Better for Health – Outdoor Training
The United States Environmental Protection Agency (EPA) and studies (Kotzias, 2005) estimate that. Indoor pollution can be more than twice as high compared to outdoor environments. Aspects within the gym as frequently as the users and their arrangement in the room. The machines, the ventilation of the exterior. Or even the use of air conditioning can increase the pollution inside this type of space to high levels compared to the outside (Chau et al., 2001). Being aerobic activities the most problematic for its participants (Ramos et al., 2015). Training outdoors in a natural space and away from traffic and city congestion, you can breathe cleaner air with less pollution. What’s more,
Connect and Make new Friends
Attending classes is an excellent way to meet new people. And it will help you keep listening, even when your body asks you otherwise. Social relationships in any activity make the motivation of any participant more essential to continue doing that activity (Ryan & Powelson, 1991).
You don’t Need to be in Shape – Outdoor Training
The participant should not be situated put off by being in poor form.As training sessions can stand performed adequately regardless of fitness level.

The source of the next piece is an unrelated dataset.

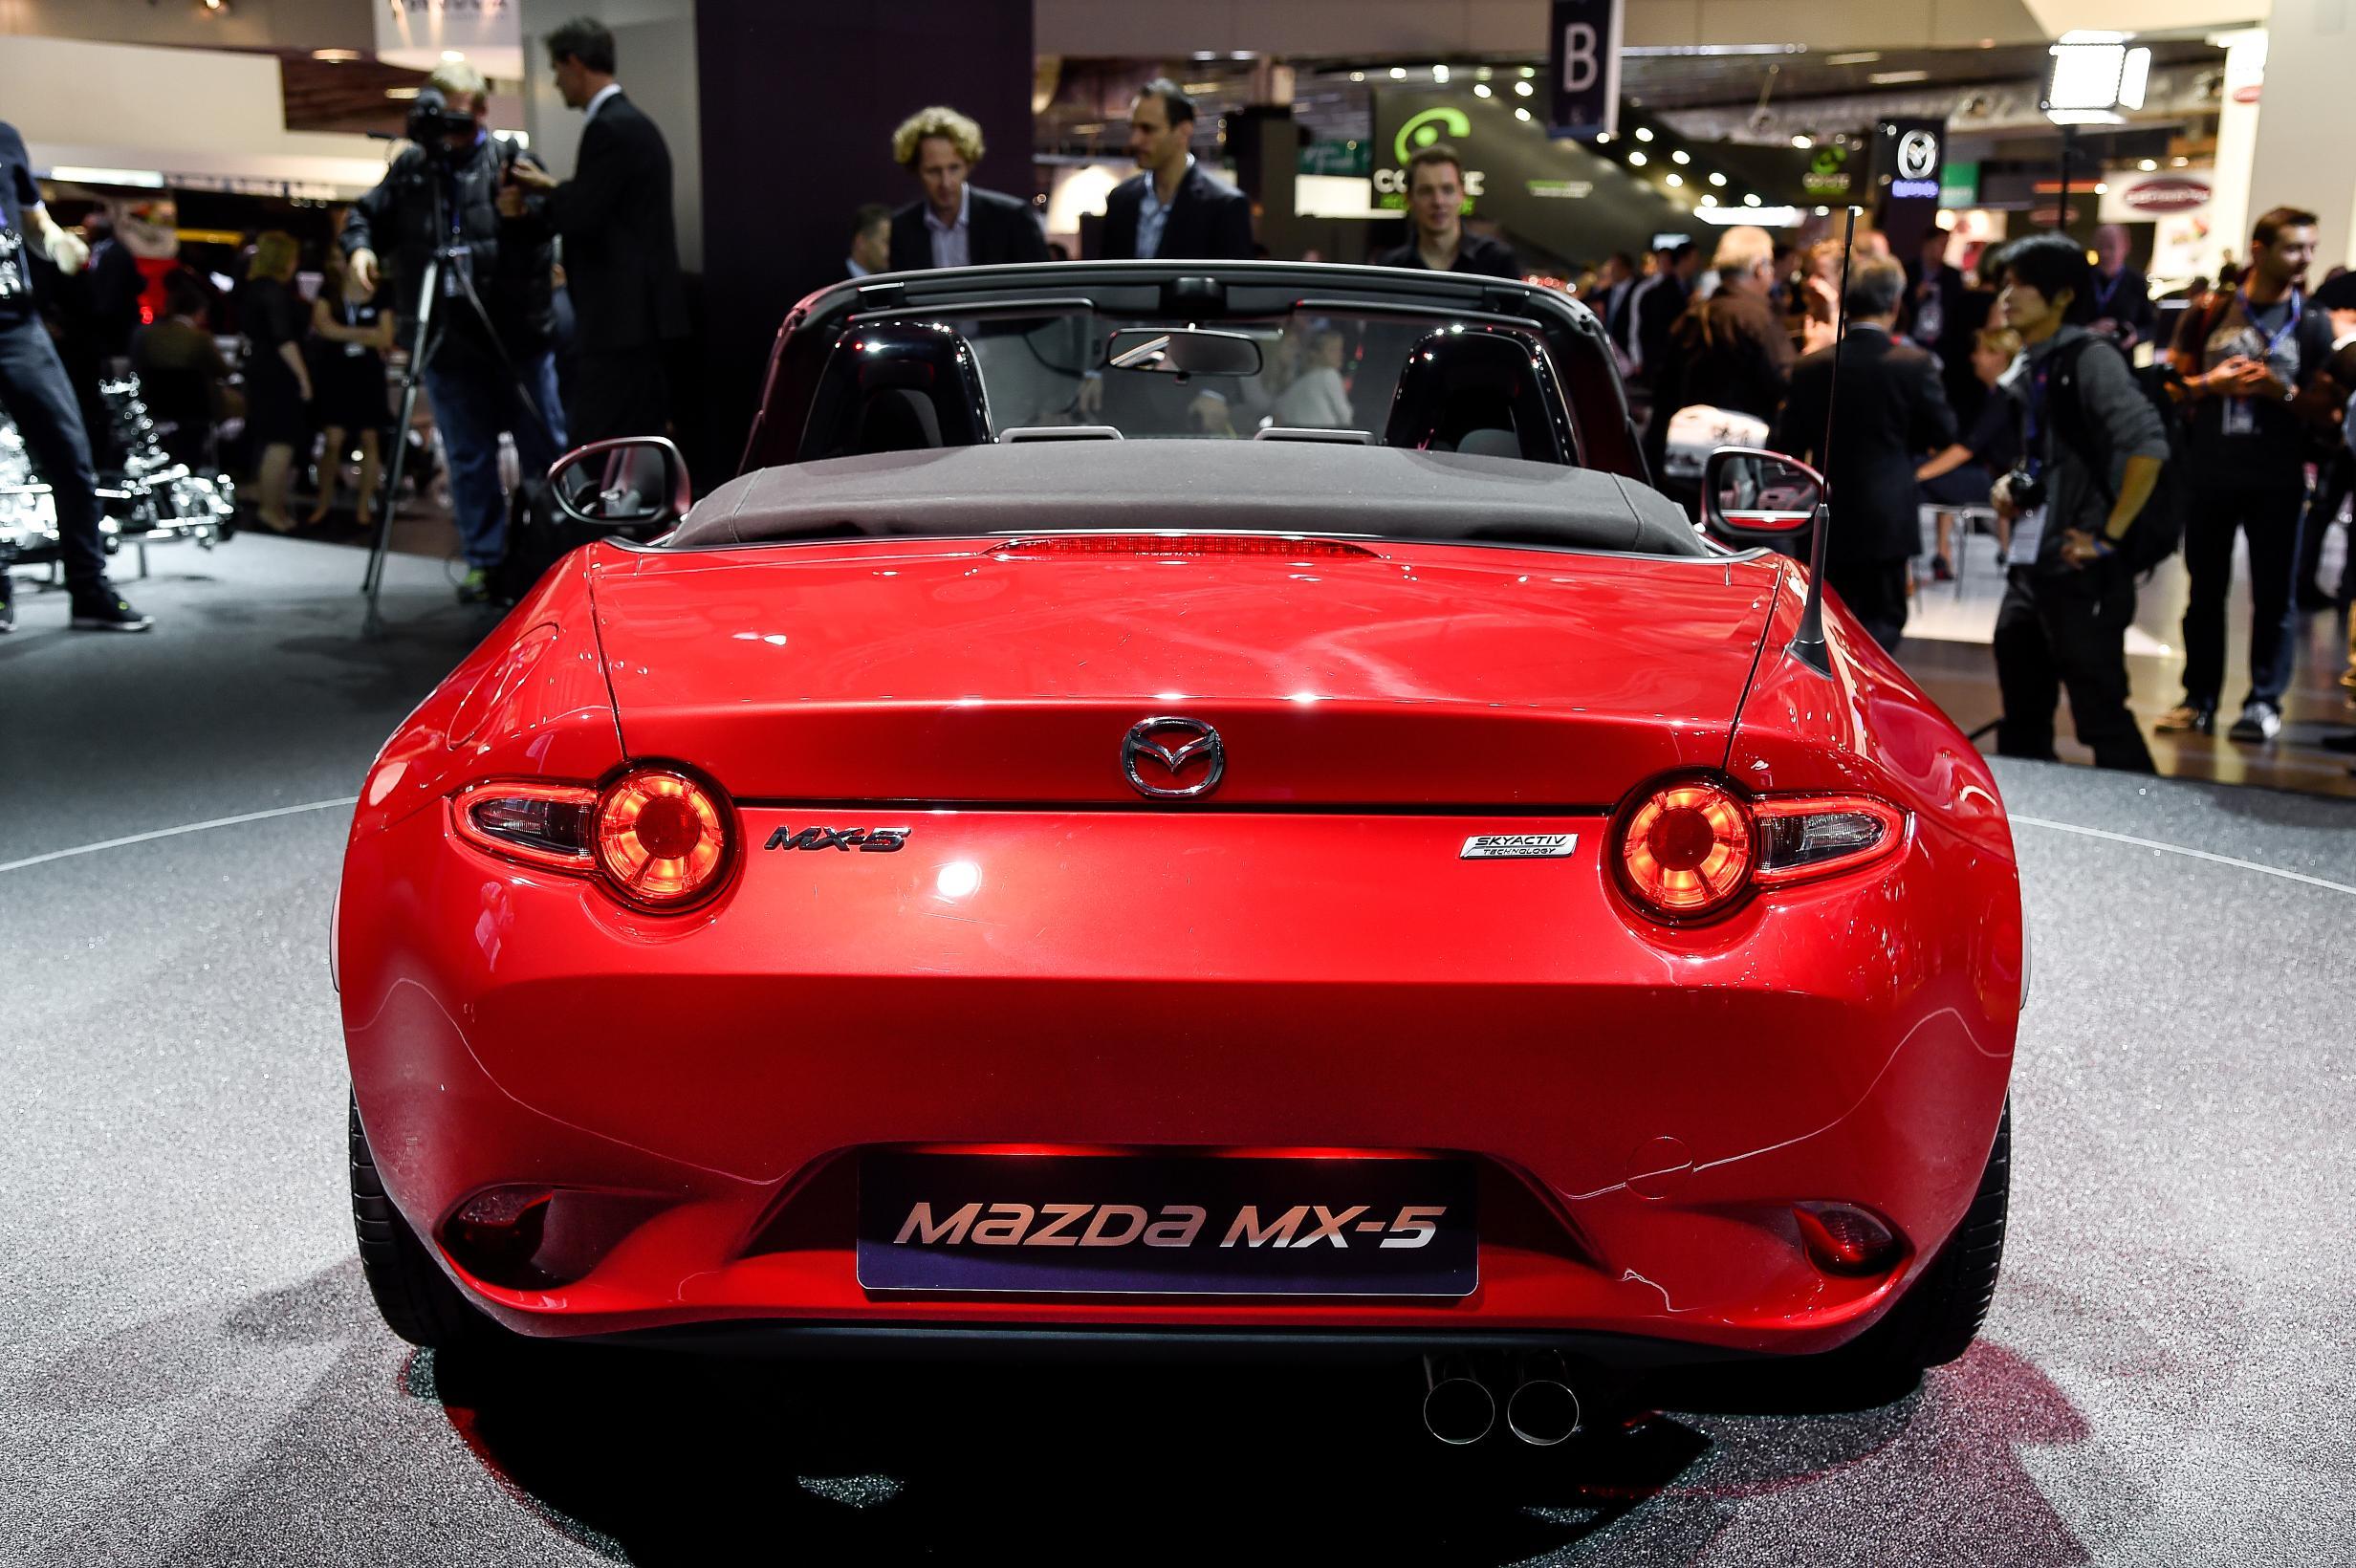 Nuova Mazda MX-5 al Salone di Parigi: le immagini dal vivo

Even if you have to make a great effort, you should always keep your head up. Continue attending classes, and you will soon notice how your physical condition improves in aspects. As simple as running longer without stopping or running faster with less.
Take Advantage of the Biophilia Effect – Outdoor Training
Human beings remain believed to have a deep and innate affinity for nature. And an intrinsic and emotional connection with other organisms and animals. It may be that this condition remains written in the genes, which would explain that. When contact with nature is minimal, certain diseases and pathological conditions often begin to appear.
It is what Dr Wilson of Harvard University calls the biophilia effect. Since exercise outdoors exposes the body’s sensory systems to the multitude of stimuli from nature. Those innate biophilic needs of the human being are likely met more quickly than doing that training within four walls.